The Court observed, however, that such legislative prayer should be consistent with the purposes of legislative prayer generally, to “lend gravity to the occasion and reflect values long part of the Nation’s heritage.” Historically, while legislative prayers have varied widely, they often sought peace for the Nation, wisdom for lawmakers, and justice for its people. Further, these “ceremonial prayers strive for the idea that people of many faiths may be united in a community of tolerance and devotion.”
According to the Court, the town in this case did not violate the Establishment Clause by inviting predominantly Christian ministers to lead the prayer. The town made reasonable efforts to identify all of the congregations located in the community and welcomed a prayer by any minister or layman who wished to give one. The Court stated: “So long as the town maintains a policy of nondiscrimination, the Constitution does not require it to search beyond its borders for non-Christian prayer givers in an effort to achieve religious balancing.” The town’s prayer program also did not have a coercive effect on those attending board meetings. The brief, solemn, and respectful prayers did not compel citizens to engage in a particular religious observance. The prayer had a permissible ceremonial purpose, rooted in the Nation’s history and traditions. The Court held that the town’s practice of opening board meetings with prayer did not violate the First Amendment.

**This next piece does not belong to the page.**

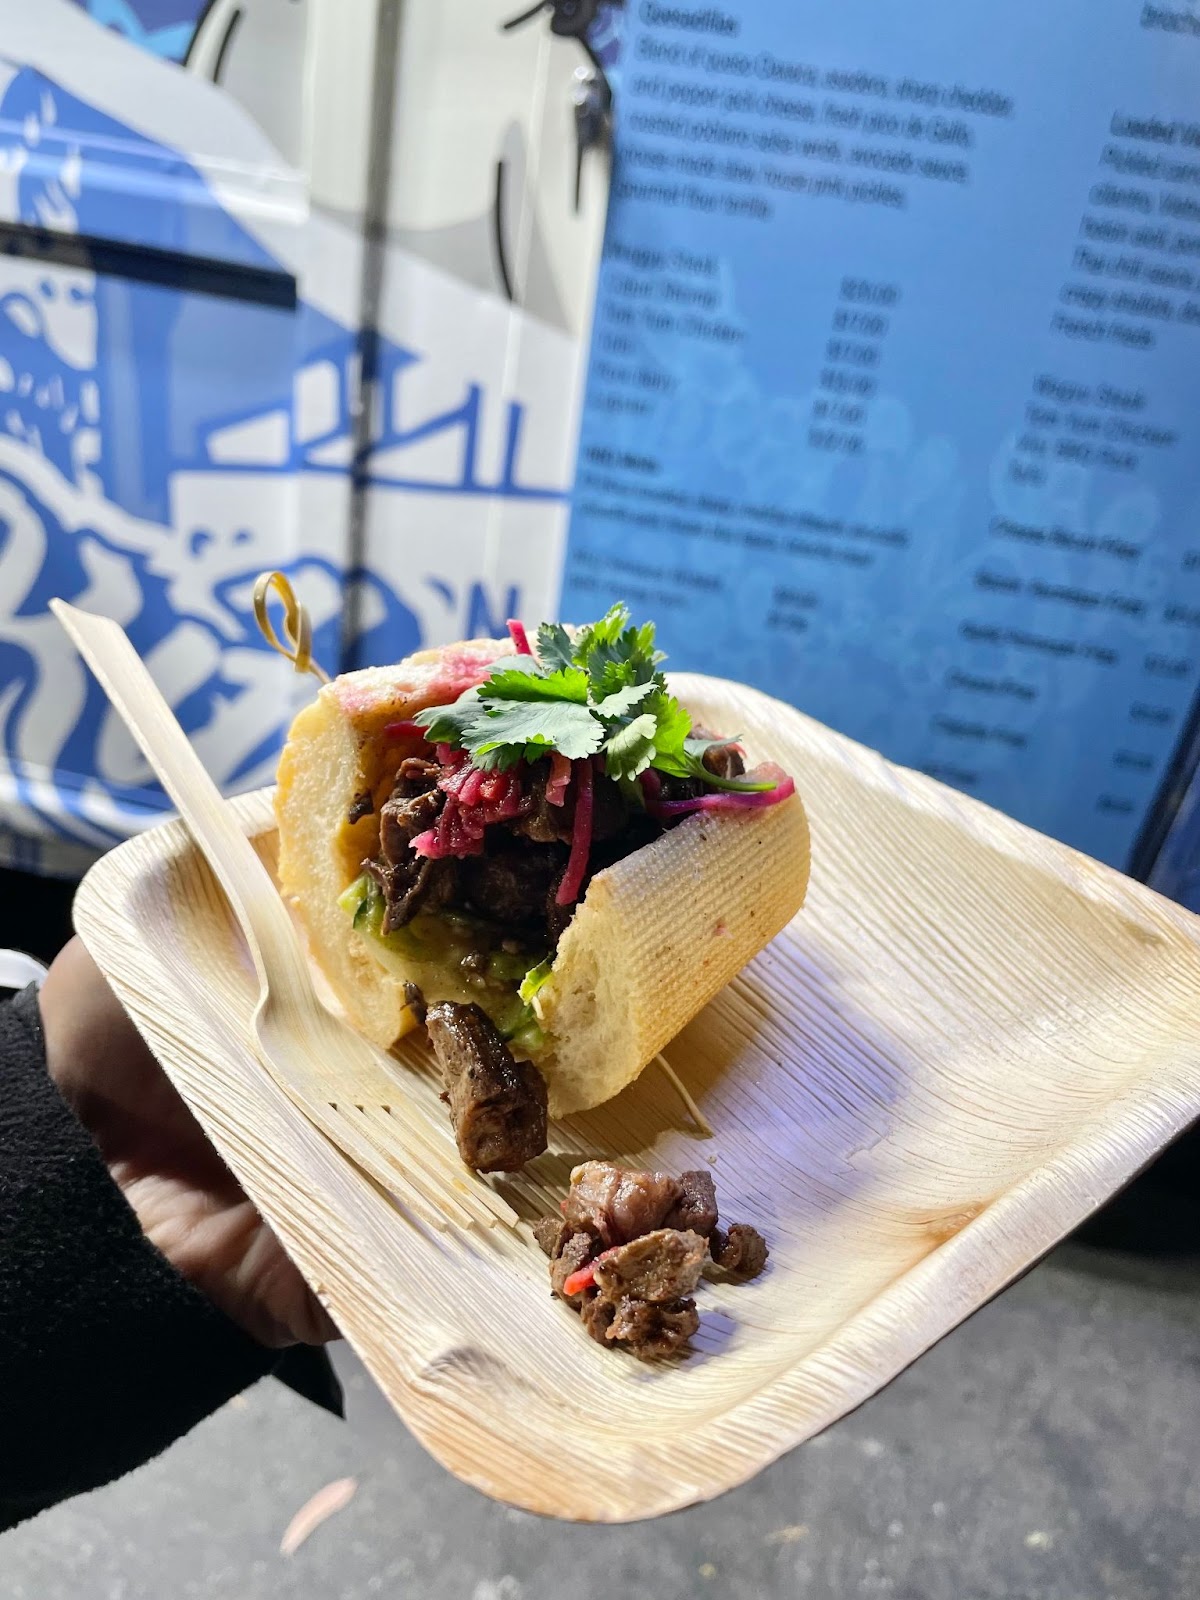 Masters of Taste 2023 will be West Side Banh Mi's first time at this event, serving delicious Vietnamese dishes from their pastel blue food truck.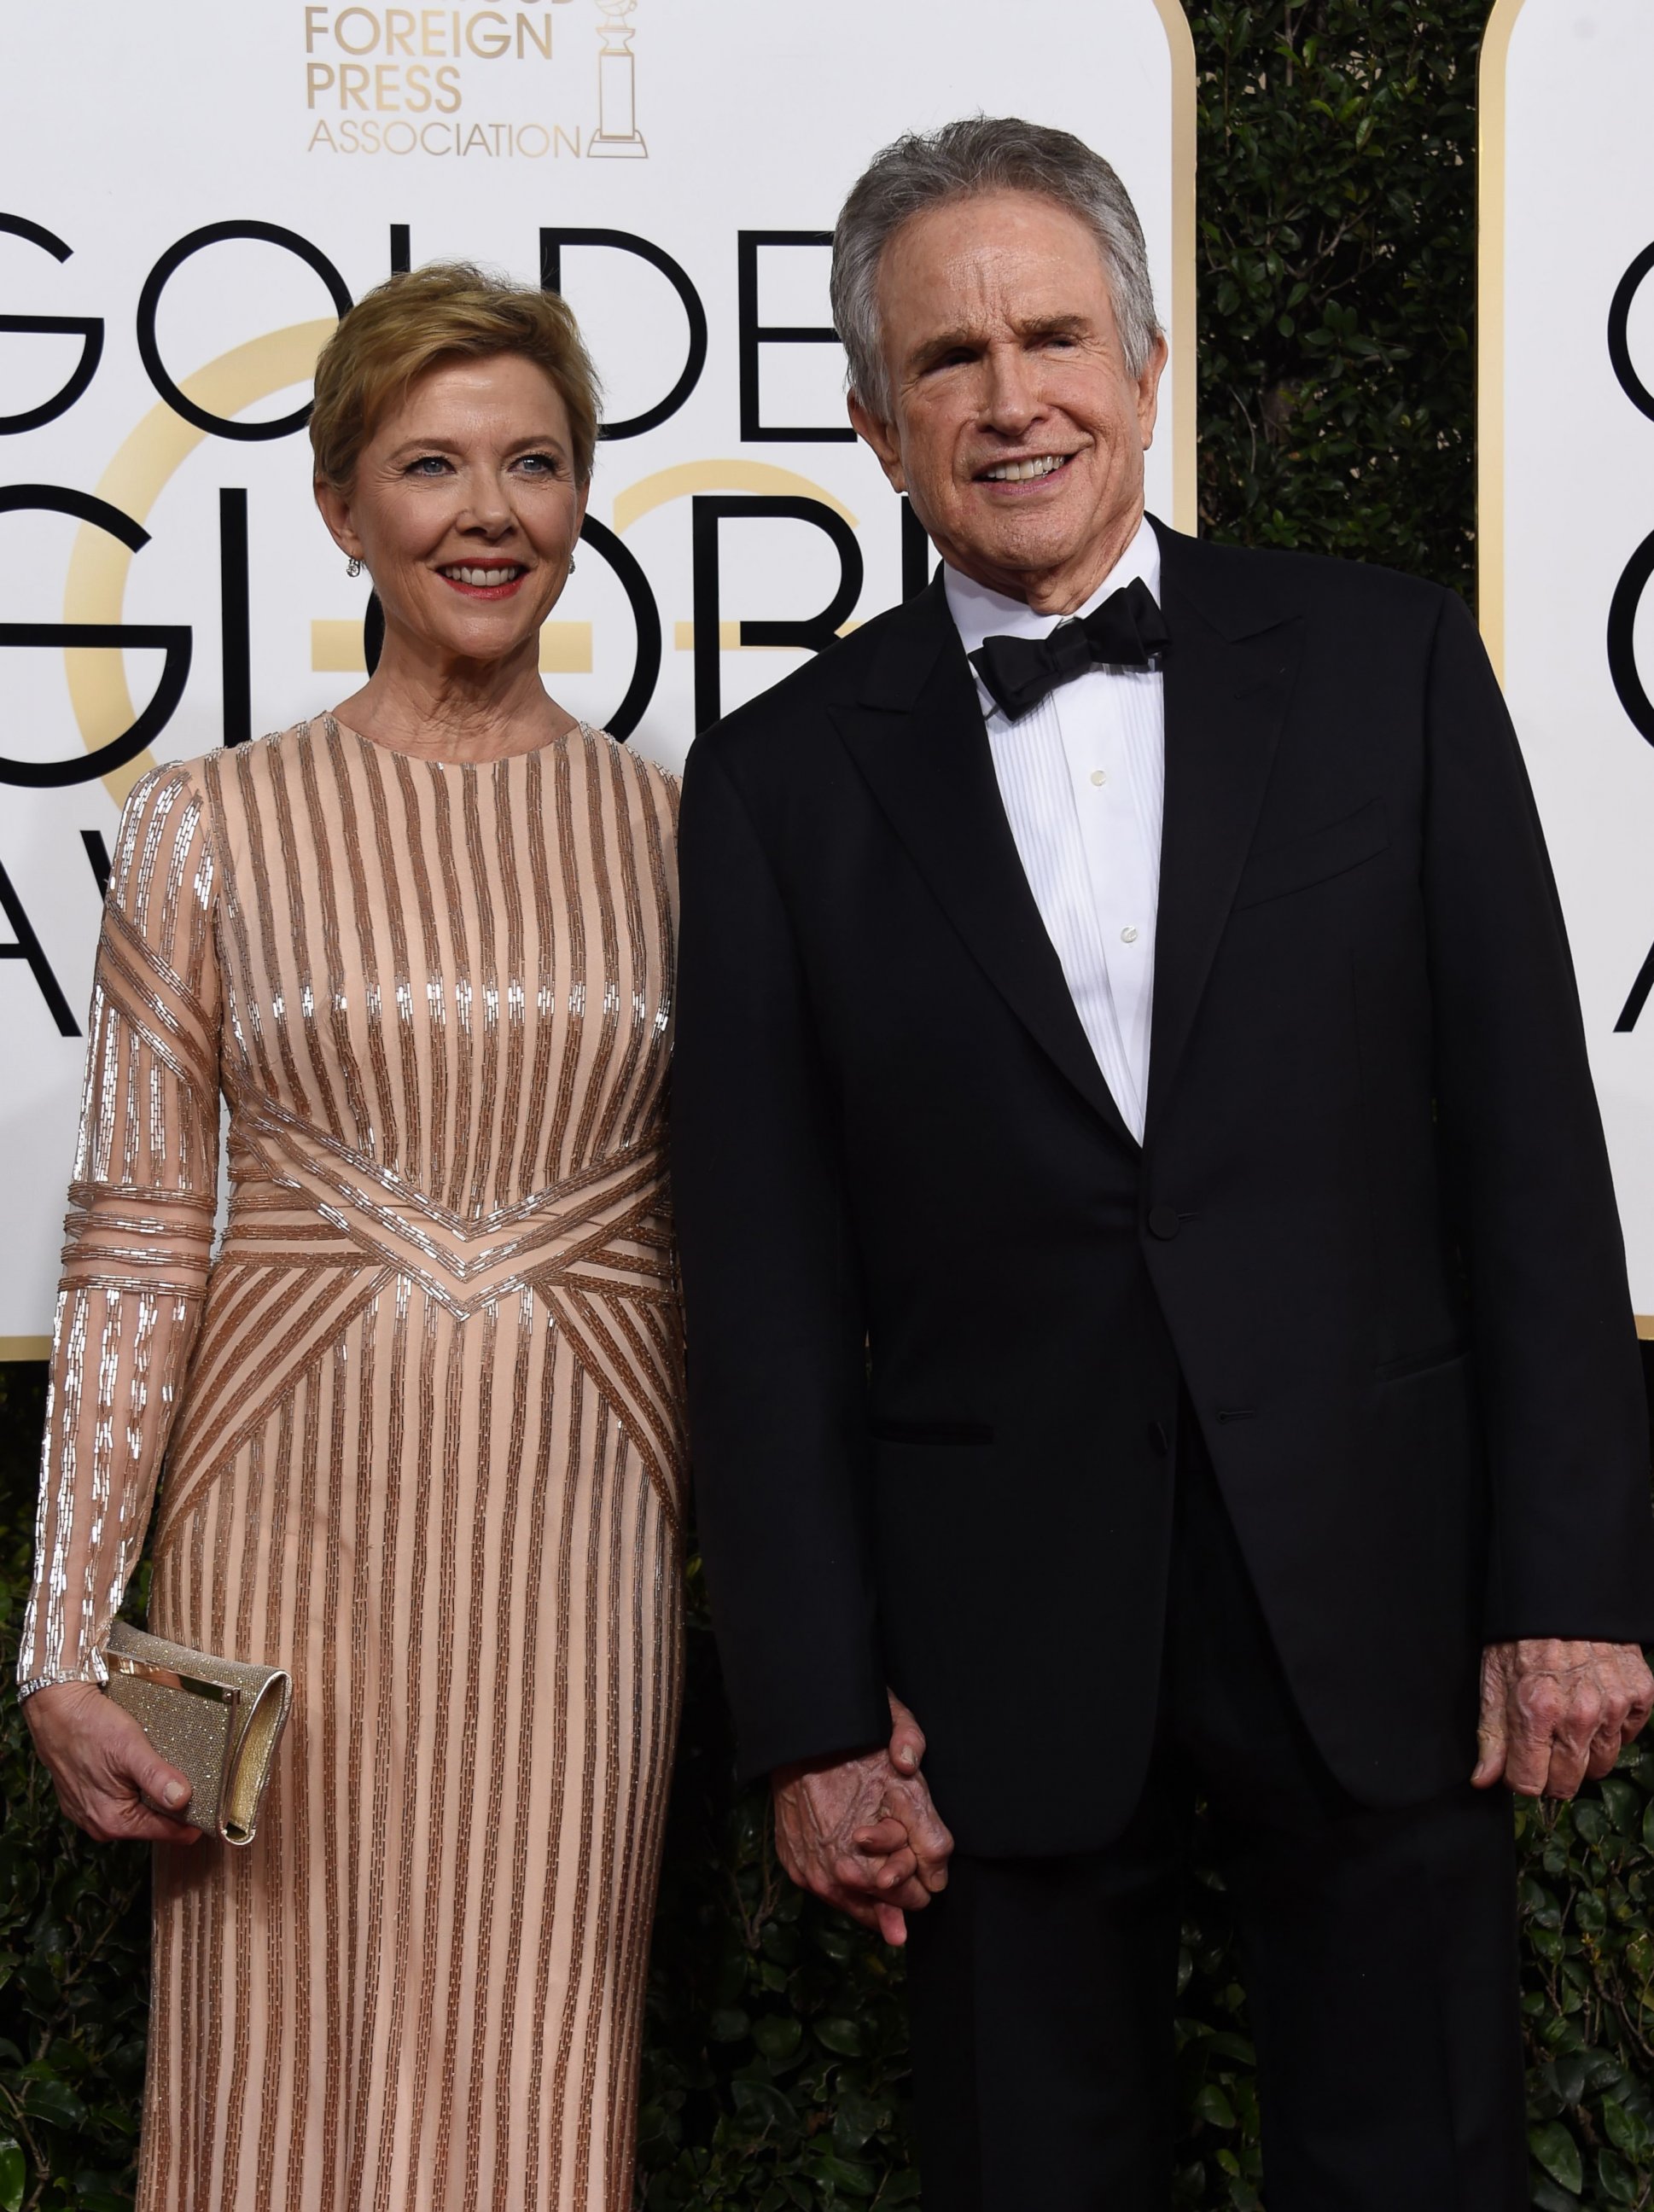 PHOTO: Annette Bening and Warren Beatty arrive at the 74th annual Golden Globe Awards, Jan. 8, 2017, at the Beverly Hilton Hotel in Beverly Hills, Calif.

Comments: Does this case mean that prayers at school board meetings will also pass muster? Probably so, but it is not crystal clear. The main opinion in the case, written by Justice Kennedy, repeatedly referred to the fact that this was a meeting for adults, who would readily understand that a brief prayer to open the meeting does not mean that the government is endorsing religion, or any particular view. School board meetings, where children are more frequently present, may be viewed differently. Three other interesting aspects of this important case: (1) all nine of the justices are now on record as saying that governmental activities do not have to take place in a “religion-free zone.” However, the four dissenters in this case would have imposed more of a duty to find a wider variety of faiths to provide the prayers; (2) the justices seem to be cooling on the distinction between “sectarian” and “nonsectarian” prayer. In particularly, Kennedy’s opinion points out the inherent problems in dividing “prayer” into those categories; (3) All three of the non-Christians on the Court dissented. The five justices in the majority are all Roman Catholic.